The Children's Hour Mary Tilford is a perfectly vile little girl. We're not supposed to despise 9-year-olds, of course, but Lillian Hellman gives us permission, in The Children's Hour, to loathe the mean-spirited, self-serving brat who sets the plot's tragic confrontations in motion. She's a savvy, spoiled creature so convinced that everyone's her enemy that she'll seize any opportunity to undermine them--whether with a skewed half-truth or an outright lie. Specifically, Mary lashes out at the boarding-school teachers who discipline her with the accusation that their closeness has the whiff of the "unnatural"--and backs up the claim with invented details gleaned from the French novels she's secretly been reading. The charge, leveled in small-town America circa 1934, destroys one marriage, one conscience, and one life--Hellman insists, bracingly, that in a viciously judgmental society the truth won't necessarily set anybody free--and if nothing else, Kathi Gollwitzer's staging for Firebelly Productions reminds us that the stakes are always too high when those with access to power play games with people's lives.
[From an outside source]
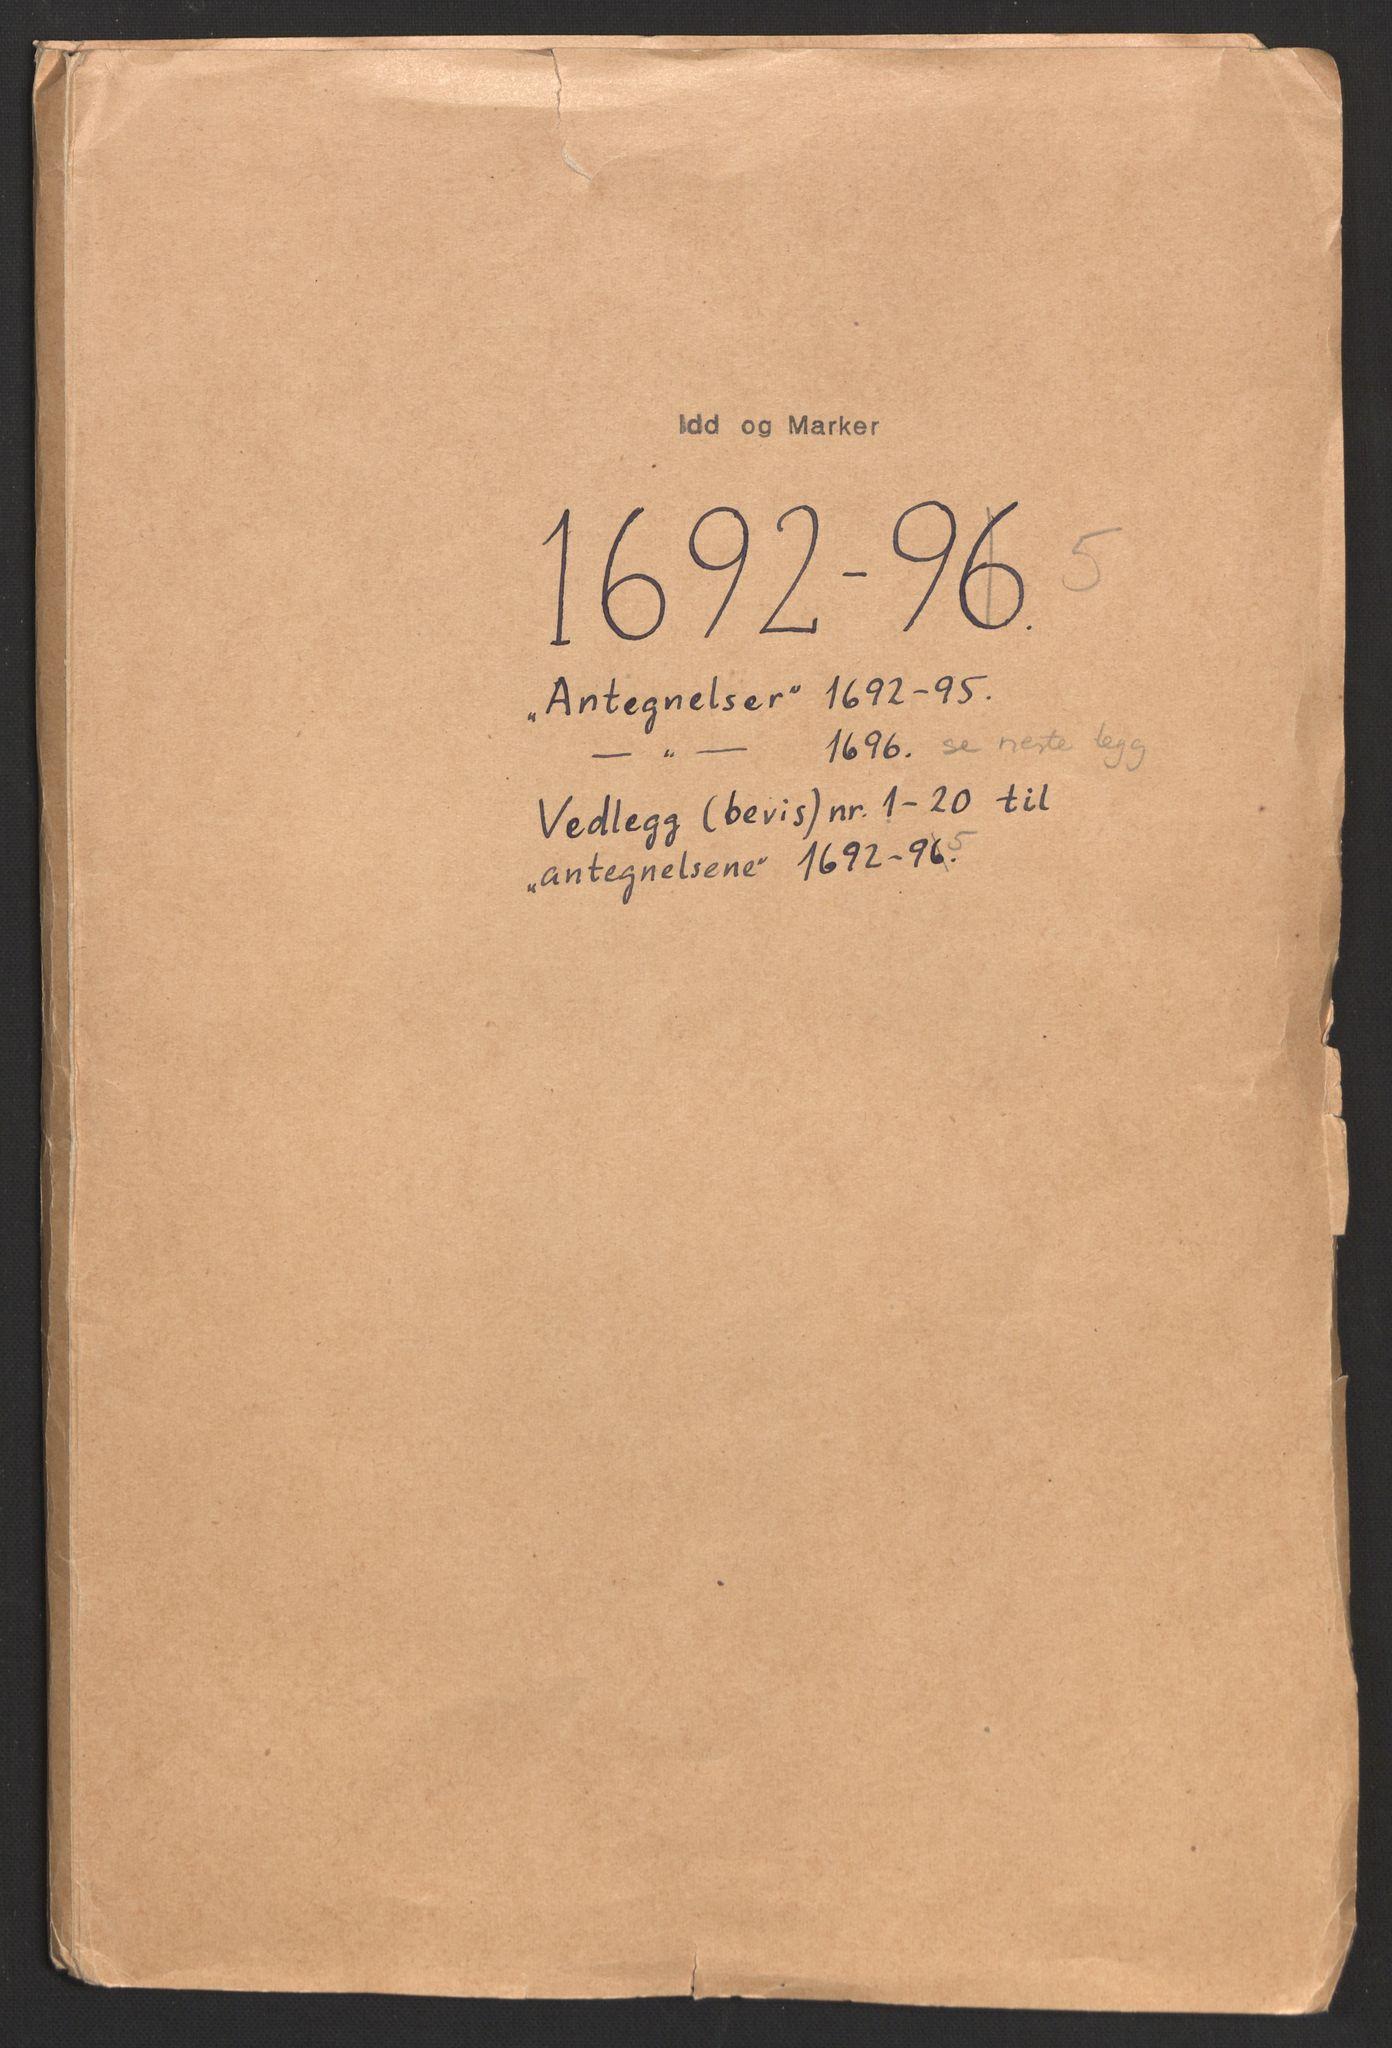 RA, Rentekammeret inntil 1814, Reviderte regnskaper, Fogderegnskap, R01/L0013: Fogderegnskap Idd og Marker, 1696-1698, s. 2

Rough edges are to be expected from a company whose mission centers on young actors, and rough edges there certainly are. But there are some nicely modulated performances, particularly among the adult players. As for the small herd of pre-adolescents onstage--well, there's not a single Dakota Fanning among ’em, but Gollwitzer ought to be commended for having wrangled them into something shaped roughly like drama. (TG)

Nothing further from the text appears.